Tuesday, October 19, 2004

Fathers' day out

The Farmers’ Market at the Collingwood Children’s Farm is one of those places where you see a lot of fathers out with their kids. On the second Saturday of each month, the Farm sees a phenomenon that is increasing throughout parts of Melbourne: men proudly in charge of their young children while they shop, showing their kids the goats, chickens and pigs, or minding the kids while their partners either shop or rest. The men’s ages vary, and they range from your professional types to your inner-city ‘alternatives’. From little bubs in pouches slung off their young father’s shoulders, to five-year-olds running away from dads with peals of laughter, to the eight-year-old negotiating which drink he can get his dad to buy from the juice stand, there are children of all ages holding, or escaping, the attention of their fathers.

If the debates in the Australian media about how far men are actually prepared to be active as fathers and put in the time caring for their children are any thing to go buy, then the Collingwood Children’ Farm experience is an aberration. The cynics say these are just ‘weekend’ Dads who enjoy the occasional easy leisure activities with their kids while they let Mum sleep-in on the weekend. A common perception is that fathers still don’t put in the hard yards with child-rearing during the week or outside of leisure activities, leaving their partners to organise child care, volunteer for canteen duty at primary school, or read with their kids, on top of running the house. I don’t think that this is the case anymore.

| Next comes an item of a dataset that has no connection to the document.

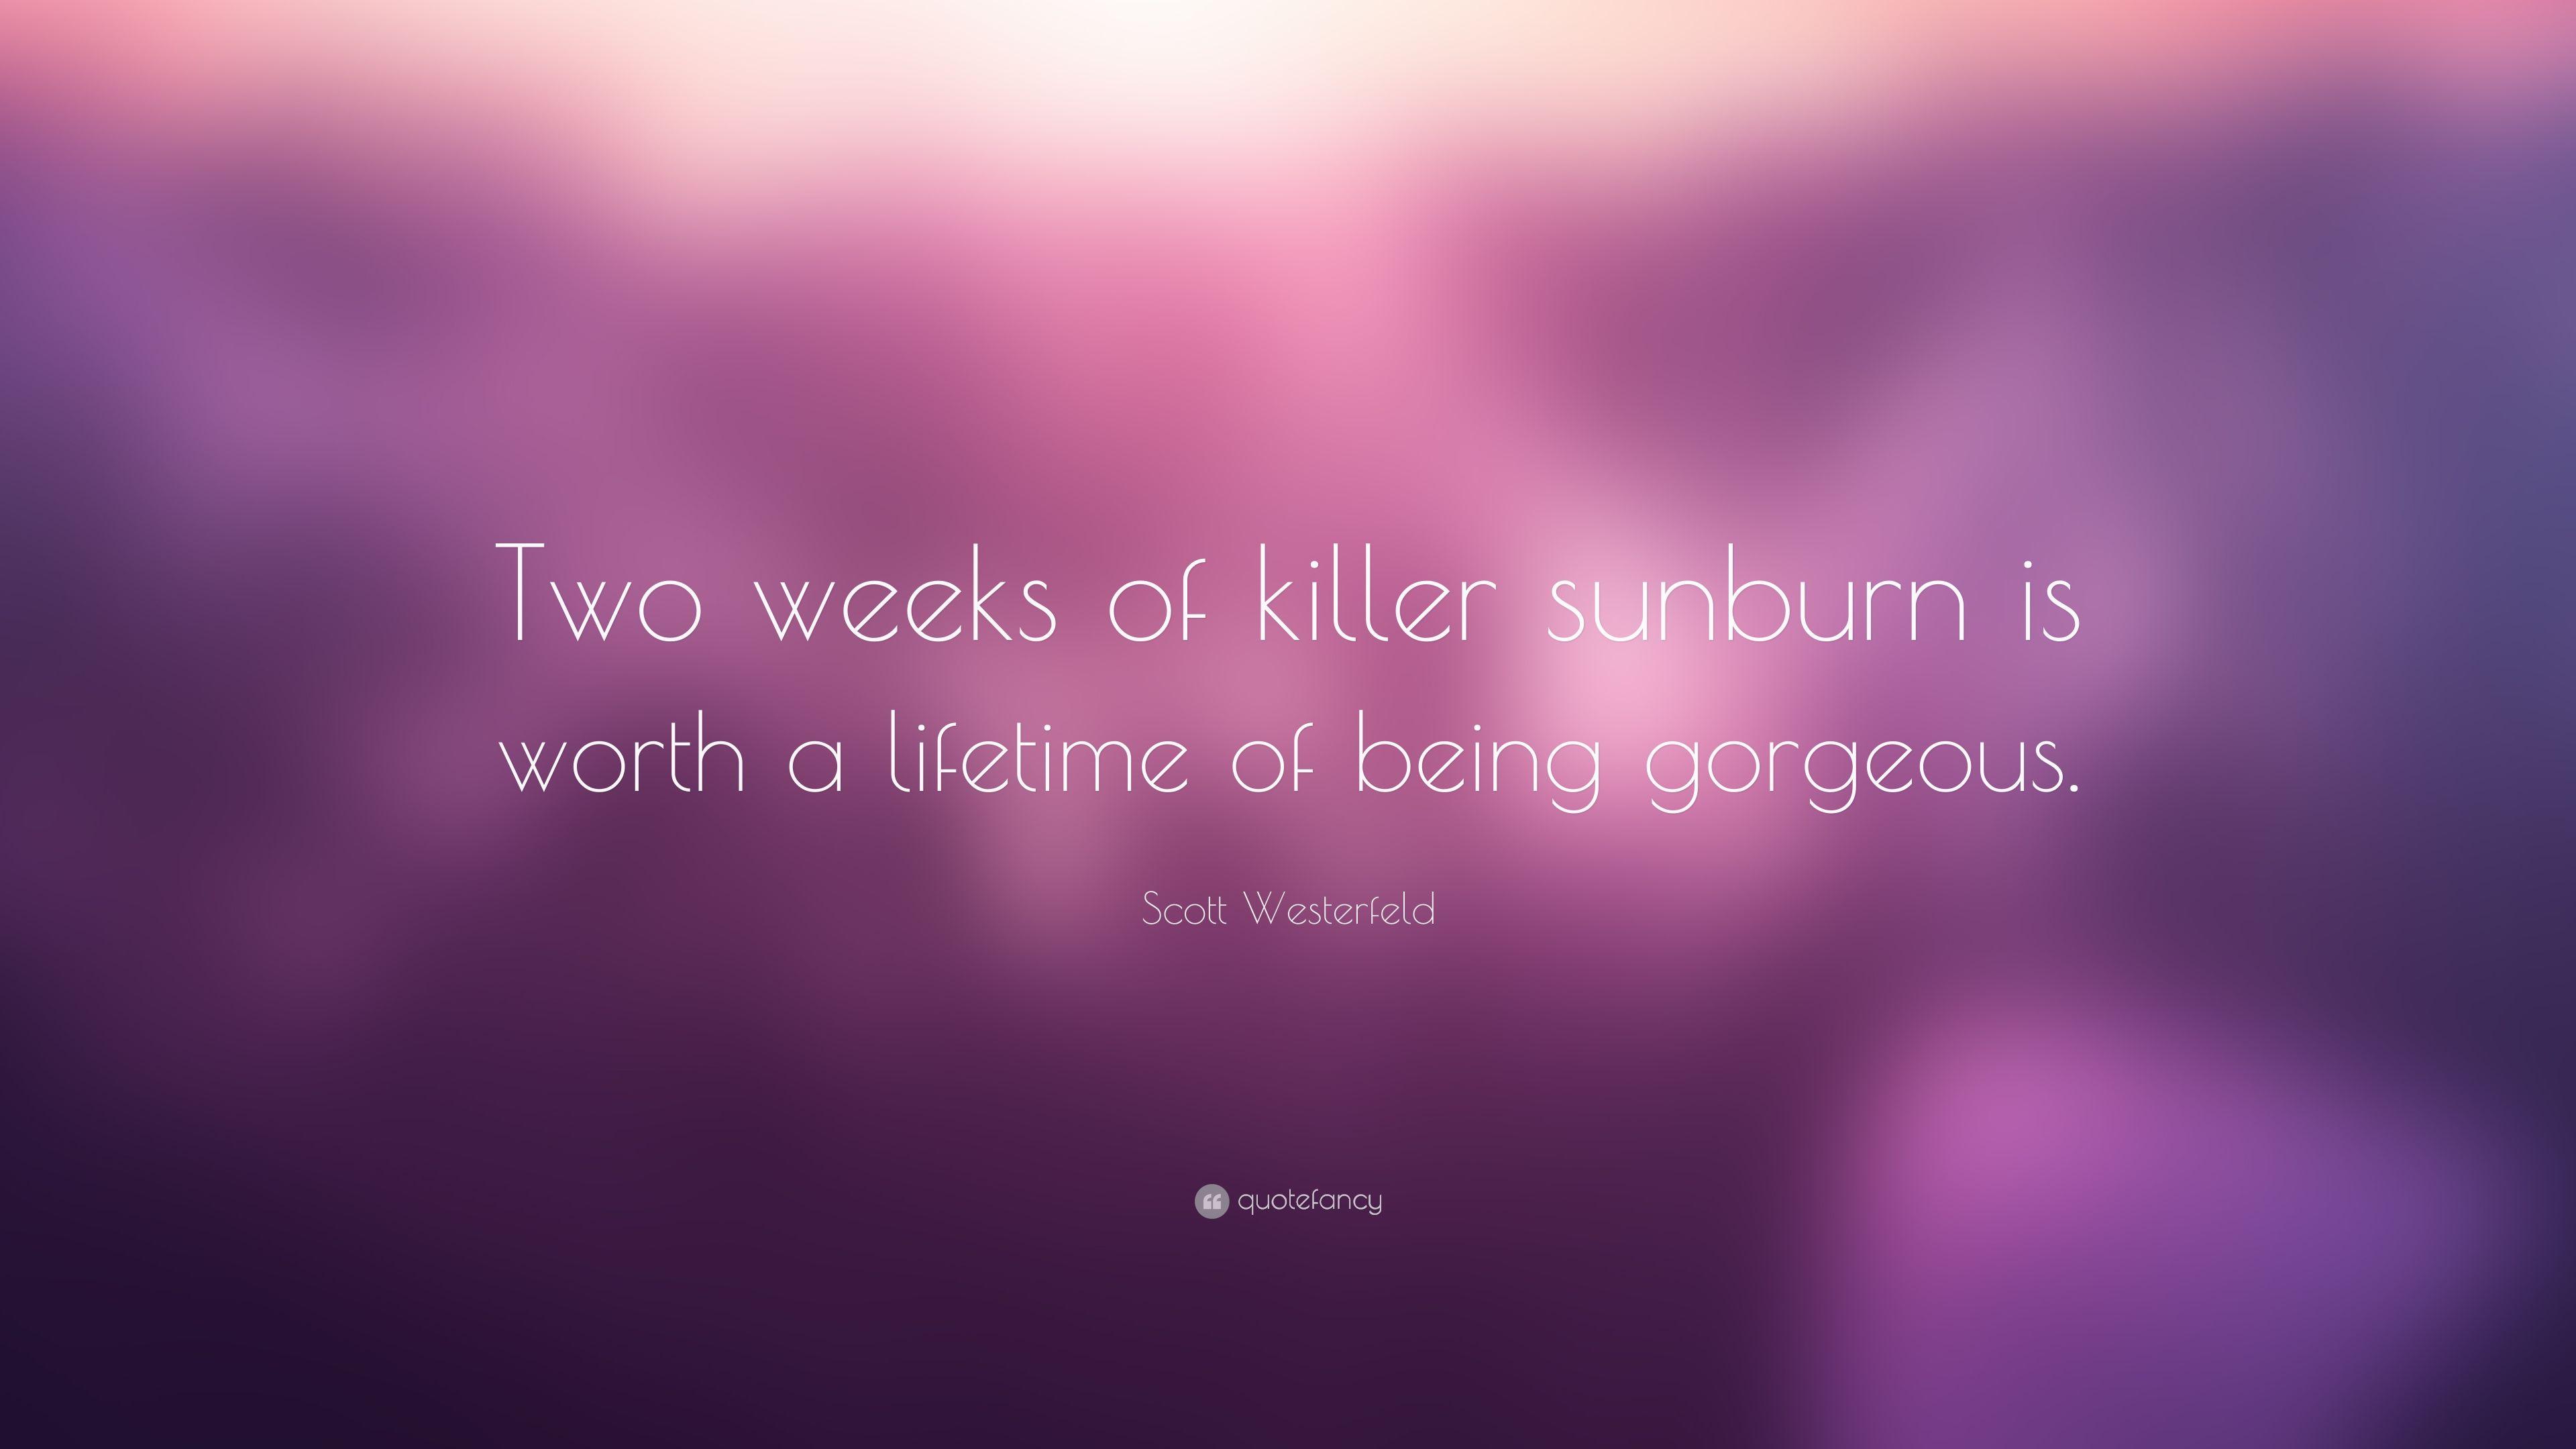 Scott Westerfeld Quote: “Two weeks of killer sunburn is worth a

The scenes at Collingwood, while replicated replicate throughout Melbourne, are only the public expression of a growing trend of men taking on more and more responsibility for raising their children, and relishing it!

I see it amongst my friends who have children: men who have been active in raising of their children since they were born, who juggle the demands of their jobs with those of their households, and for who being an active father is very much a part of who they are, and how they see themselves as men. Many are making the necessary sacrifices that women have long been forced to cop: taking on part-time jobs, studying part-time, or resisting the pursuit of full-blown career paths, so that they can have the time to spend with their young children, and share the load of caring with the mothers of their children. These men have been the inspiration and role models for my own choices and practices in my parenting – what I want for my son, from my working life, and the choices I’ve made about study and work. I think its time they were acknowledged too.

2 Comments:

At February 19, 2007 2:17 pm, Blogger cristy said...

That is really good news Mark. I would agree with you that things do seem to be moving further and further in that direction for a growing section of men. My husband will certainly be a 'father-first' from the beginning, which I think is great for all three of us.

 
At February 19, 2007 2:43 pm, Blogger Mark Lawrence said...

Hi cristy, I'm sure P is going to love being a dad, and love spending time with your kid(s).

I don't know if I'd say the gender-parenting change is a tide, but it is surely growing.

BTW, this is one of my earlier blog posts – I was just checking if my switch to 'new' Blogger kept my archives intact, and I messed around with the post's publishing. (it is still correctly date-stamped, though). If either of you are interested in some 'recent' topics on fathers and fathering, take a look here, here, and here. For a start...

Now that I've got labels, I will need to spend some time applying the 'fathers' label to these posts, so that they'll be easier to find! (but where to find the time?)

Hope things are going well with third pea!